Люба всегда хотела быть писательницей. «Почему все говорят о моем папе и никто не говорит обо мне?» — спрашивала она. Пытаясь стать писательницей, Люба на этом и оказалась сломлена, увидев, что написанные ею книги мало кто читает. Это была страшная трагедия для нее. Может быть, именно по этой причине она покинула Россию и умерла на чужбине…

* * *

В феврале 1867 года Ф. М. Достоевский женился на Анне Григорьевне Сниткиной, двадцатилетней стенографистке, которой он диктовал роман «Игрок».
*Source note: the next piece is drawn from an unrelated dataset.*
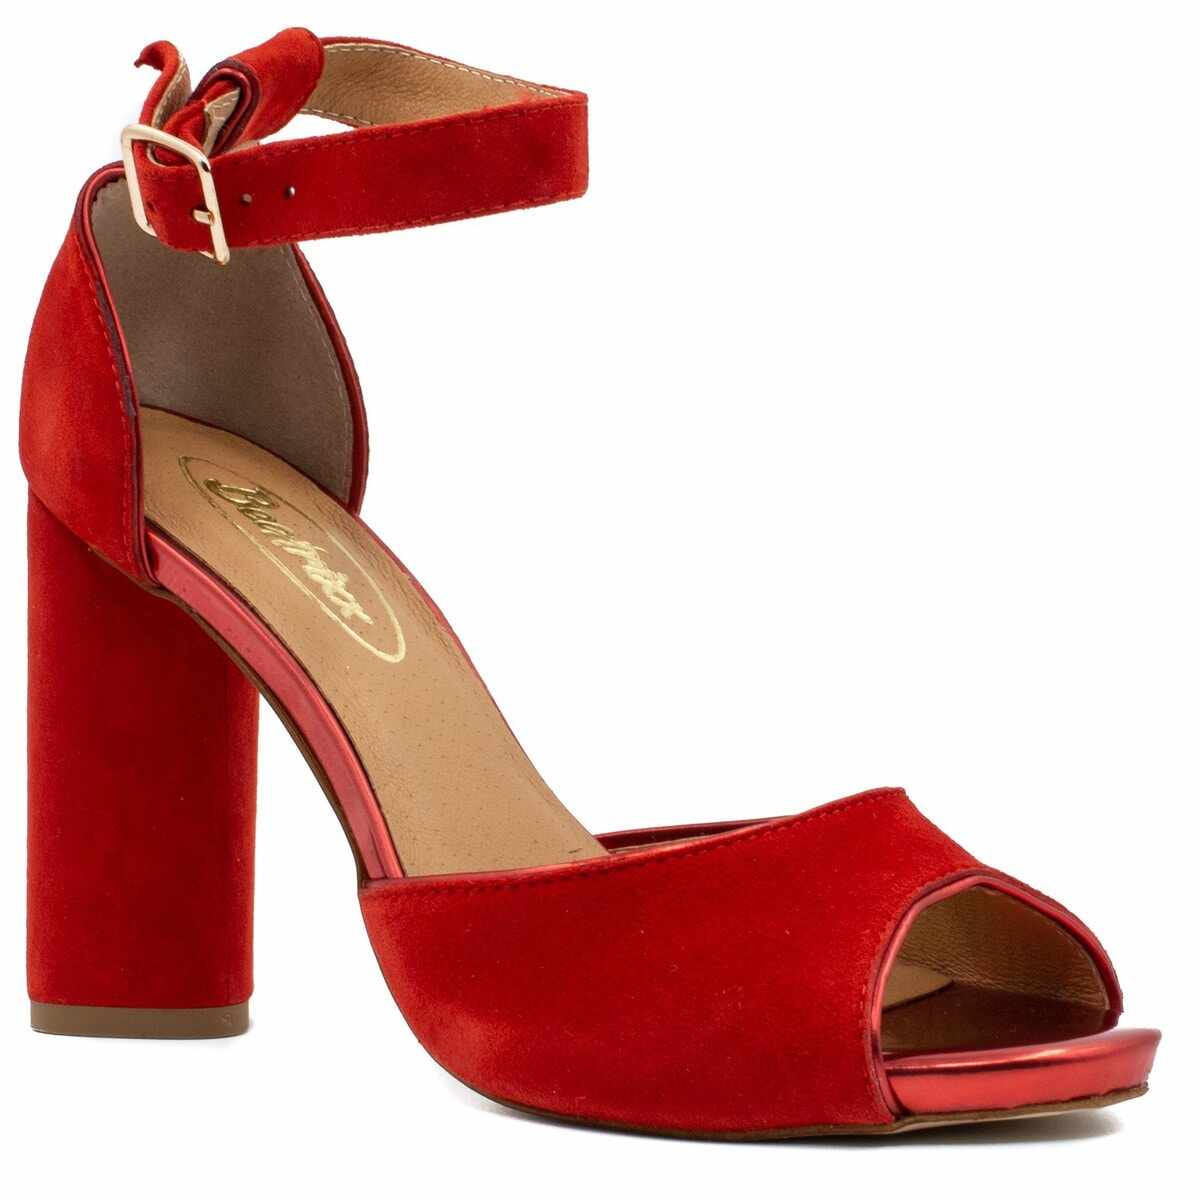 Pantofi eleganti dama, Beatrixx, din piele naturala velur, culoare rosu, cod L1802-R

Анна Григорьевна родилась в 1846 году в Санкт-Петербурге в семье мелкого чиновника Григория Ивановича Сниткина. С детства она зачитывалась произведениями Ф. М. Достоевского. Окончив стенографические курсы, с октября 1866 года в качестве стенографистки-переписчицы ей довелось участвовать в подготовке к печати романа «Игрок». Для нее и это было огромной радостью, но настоящим счастьем стала их последовавшая вскоре женитьба.

Новый роман Федора Михайловича «Преступление и наказание» был закончен и оплачен очень хорошо, но чтобы эти деньги у него не отобрали кредиторы, писатель вместе с новой женой уехал за границу.

За границей они провели в постоянной нужде и скитаниях четыре года, прожив их в Дрездене, Бадене, Женеве и Флоренции.

Эта поездка отражена в дневнике, который в 1867 году начала вести А. Г. Сниткина-Достоевская. По пути в Германию супруги остановились на несколько дней в Вильно. На здании, расположенном на том месте, где находилась гостиница, в которой останавливались Достоевские, в декабре 2006 года была открыта мемориальная таблица (автор — скульптор Ромуальдас Квинтас).

Направившись на юг, в Швейцарию, Достоевские заехали в Баден, где сперва Федор Михайлович выиграл на рулетке 4000 франков, но не мог остановиться и проиграл все, что с ним было, не исключая своего платья и вещей жены. Почти год они жили в Женеве, где писатель отчаянно работал, и иногда нуждались в самом необходимом.

В марте 1868 года у них родилась первая дочь Софья, но уже в мае, в возрасте трех месяцев, ребенок умер, к неописуемому отчаянию родителей.

* * *

14 (26) сентября 1869 года в Дрездене, куда за два месяца до этого Ф. М. Достоевский с женой приехали из Флоренции, у них родилась дочь Люба.

Писатель тут же сообщил своему другу А. Н. Майкову:

«Три дня тому родилась у меня дочь, Любовь. Все обошлось превосходно, и ребенок большой, здоровый и красавица. Мы с Аней счастливы».

Через несколько месяцев после рождения дочери счастливый Федор Михайлович написал своей племяннице С. А. Ивановой:

«Не могу вам выразить, как я ее люблю… Девочка здоровая, веселая, развитая не по летам (то есть не по месяцам), все поет со мной, когда я запою, и все смеется; довольно тихий некапризный ребенок. На меня похожа до смешного, до малейших черт».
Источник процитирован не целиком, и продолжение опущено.